Hinsichtlich der abhängigen Ansprüche und der weiteren Einzelheiten wird auf den
Akteninhalt verwiesen.
II.
1.
Die form- und fristgerecht eingelegte Beschwerde der Anmelderin ist zulässig.
Sie erweist sich aber als nicht begründet, da dem Fachmann der Scheinwerfer des
Anspruchs 1 durch die Druckschrift D2 nahegelegt wird und folglich gemäß § 1 Abs.
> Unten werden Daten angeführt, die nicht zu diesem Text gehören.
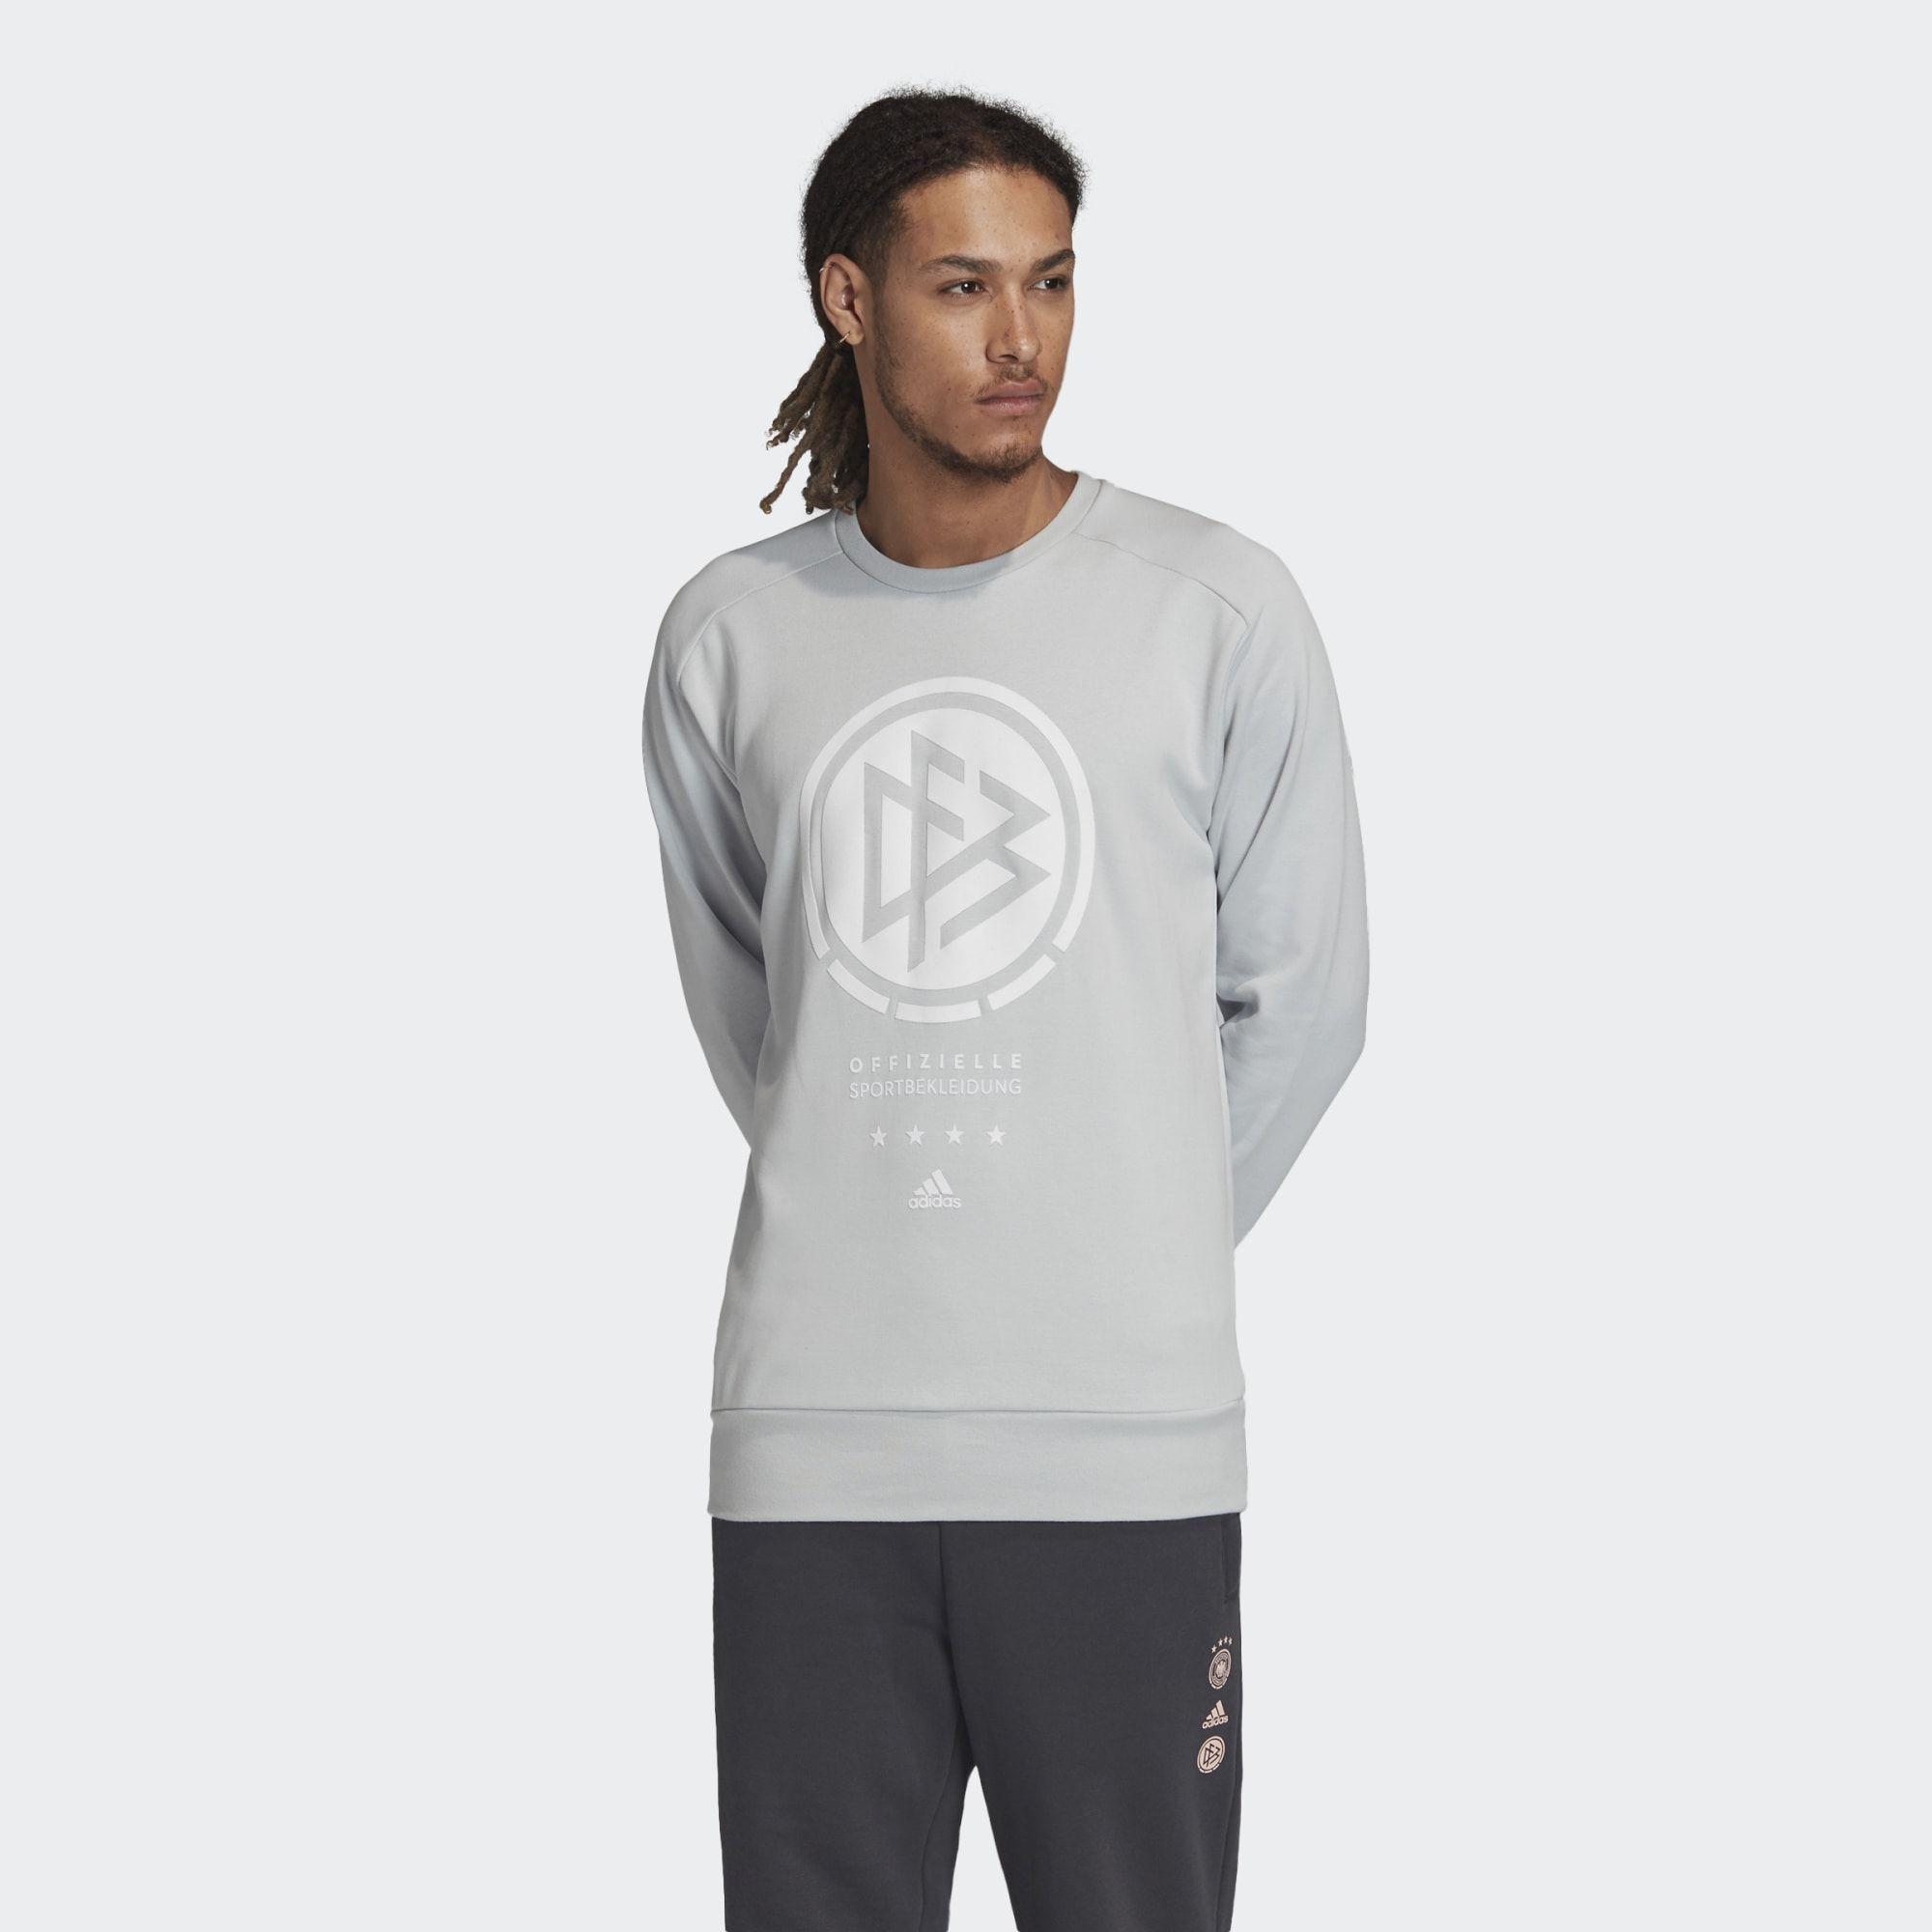 Adidas Germany Seasonal Special Crew Sweatshirt Clear Grey Dfb Adidasfootball Adidas Sweatshirt Sweatshirts Crew Sweatshirts [ 2000 x 2000 Pixel ]

1 PatG i. V. m. § 4 PatG wegen fehlender erfinderischer Tätigkeit nicht patentfähig
ist.
Bei dieser Sachlage kann die Zulässigkeit der geltenden Patentansprüche
dahingestellt bleiben (vgl. BGH GRUR 1991, 120-122, insbesondere 121, II.1 -
Elastische Bandage).
Der zuständige Fachmann ist hier als berufserfahrener Entwicklungsingenieur im
Bereich der Konstruktion von Scheinwerfern für Fahrzeuge zu definieren, der über
einen Fachhochschulabschluss auf dem Gebiet der Lichttechnik oder eine
vergleichbare Qualifikation verfügt.
2.
Die Anmeldung betrifft einen Scheinwerfer für ein Fahrrad oder E-Bike sowie
ein Fahrrad oder E-Bike mit wenigstens einem solchen Scheinwerfer und ein
Verfahren zum Betreiben eines solchen Scheinwerfers.
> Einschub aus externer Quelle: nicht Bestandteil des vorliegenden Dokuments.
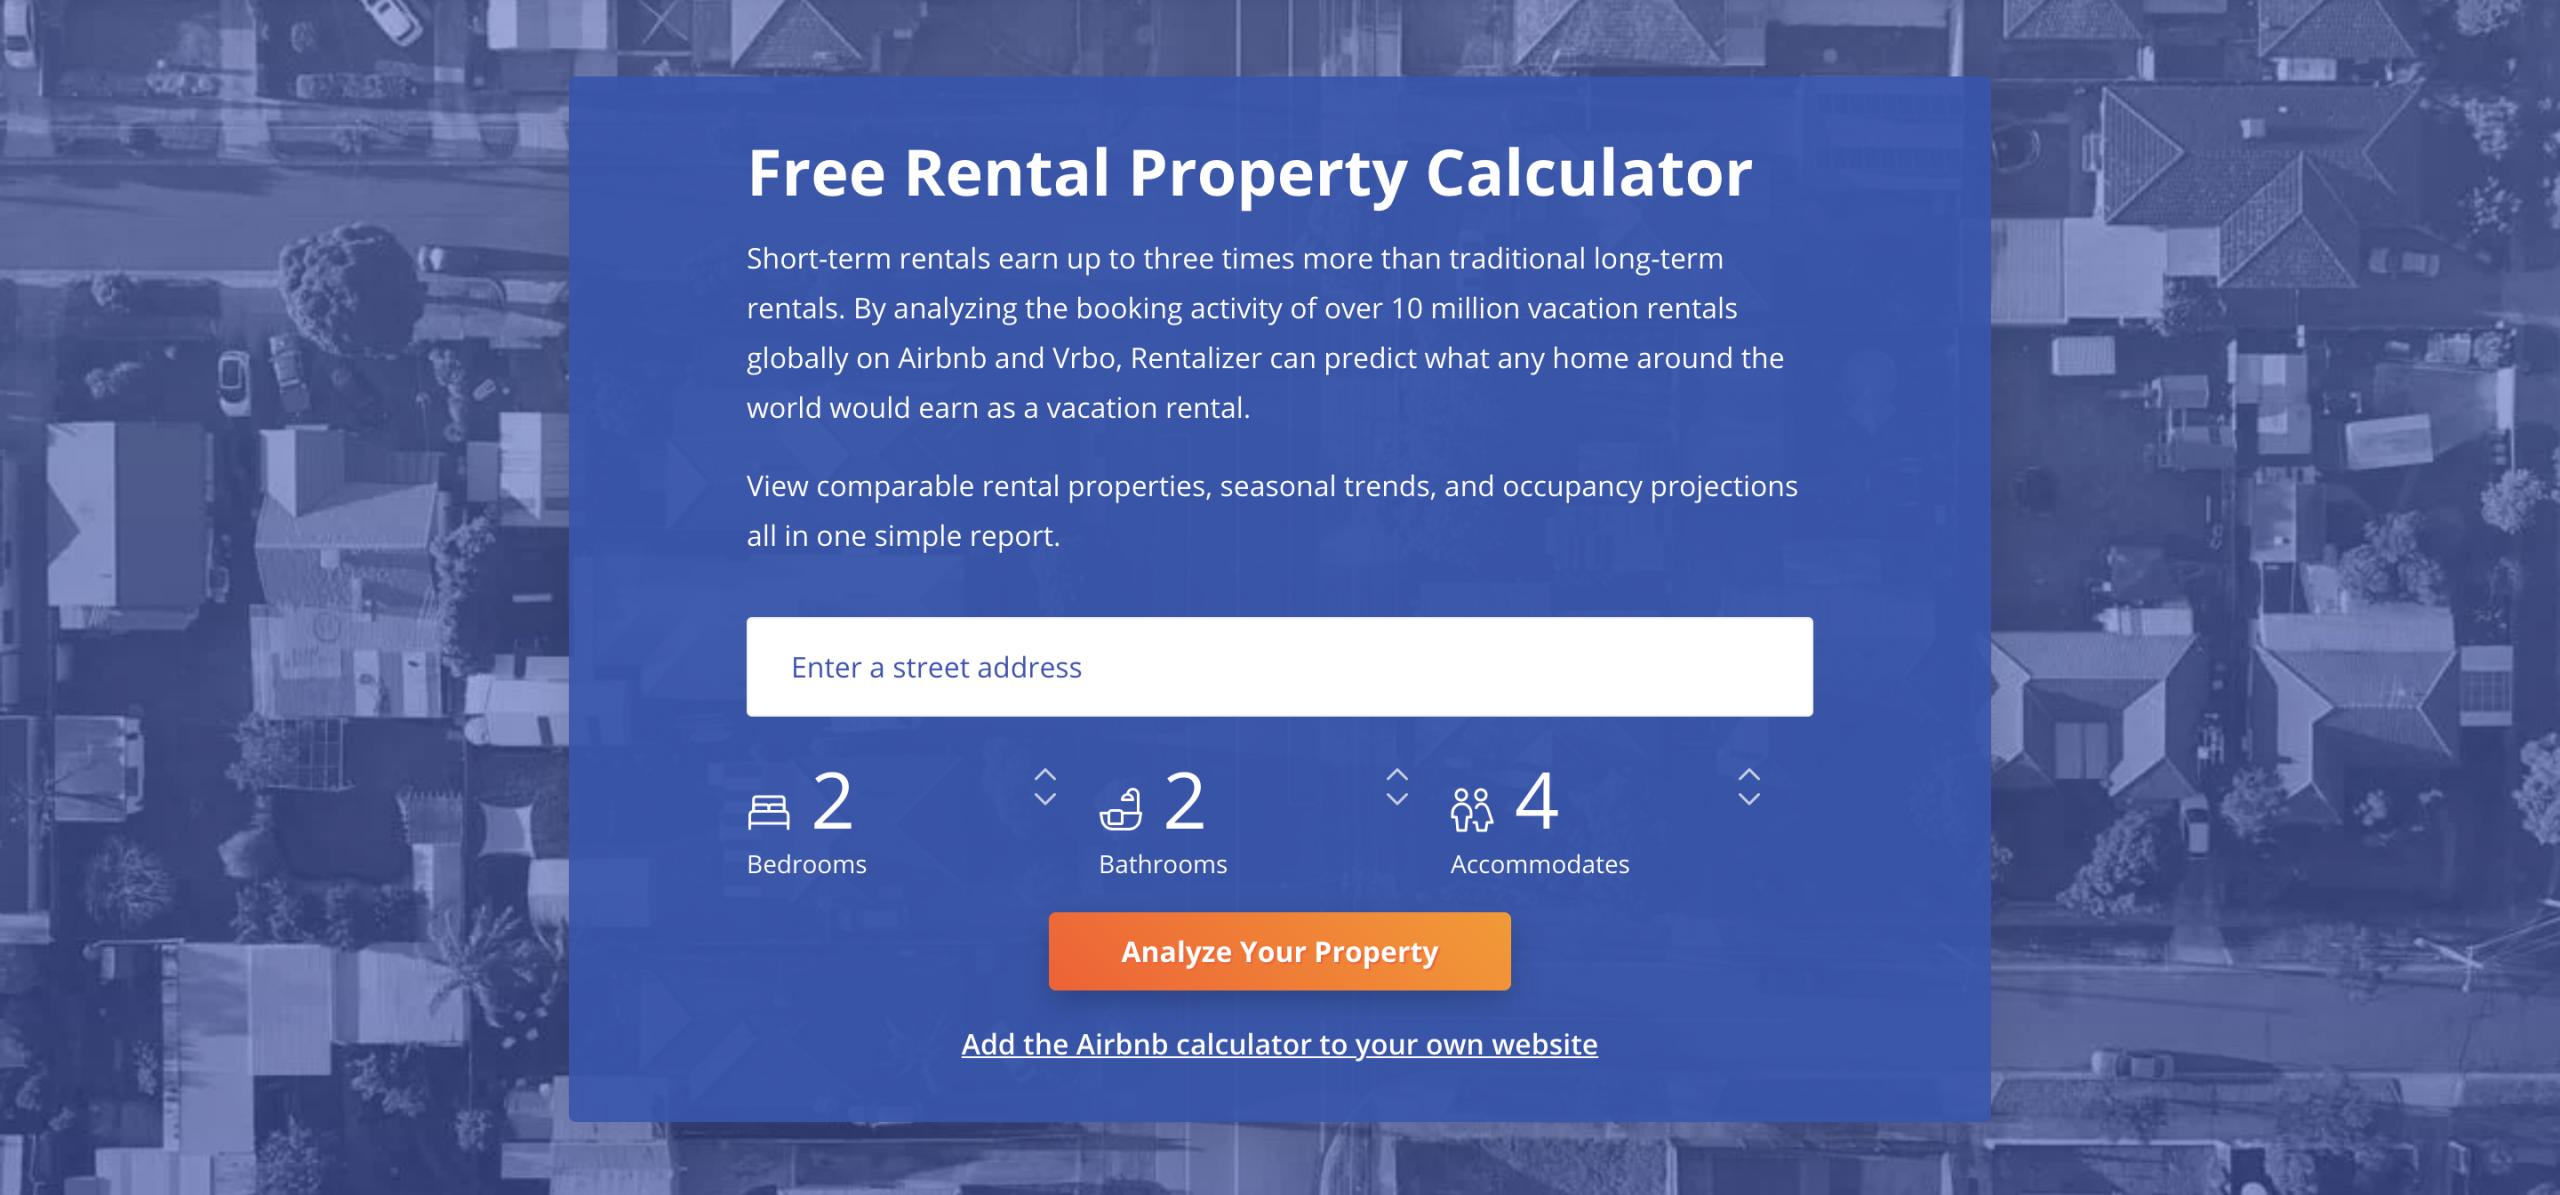 Image of a rental property calculator

Scheinwerfer an Fahrzeugen dienen in der Regel dazu, während der Fahrt den
Bereich vor dem Fahrzeug auszuleuchten und selbst erkannt zu werden. Dabei führt
die von den Leuchteinheiten im Betrieb erzeugte Wärme zu einer Erwärmung des
Scheinwerfers. Zur Vermeidung unzulässig hoher Temperaturen kann mit einem
Temperatursensor die Temperatur des Scheinwerfers im Bereich der Leuchtdioden
zwar erfasst und abhängig von der Temperatur ein Dimmen der Leuchteinheiten
eingeleitet werden, doch reduziert dies in nachteiliger Weise gleichzeitig auch die
Beleuchtungsstärke im gesamten Ausleuchtbereich des Scheinwerfers, vgl.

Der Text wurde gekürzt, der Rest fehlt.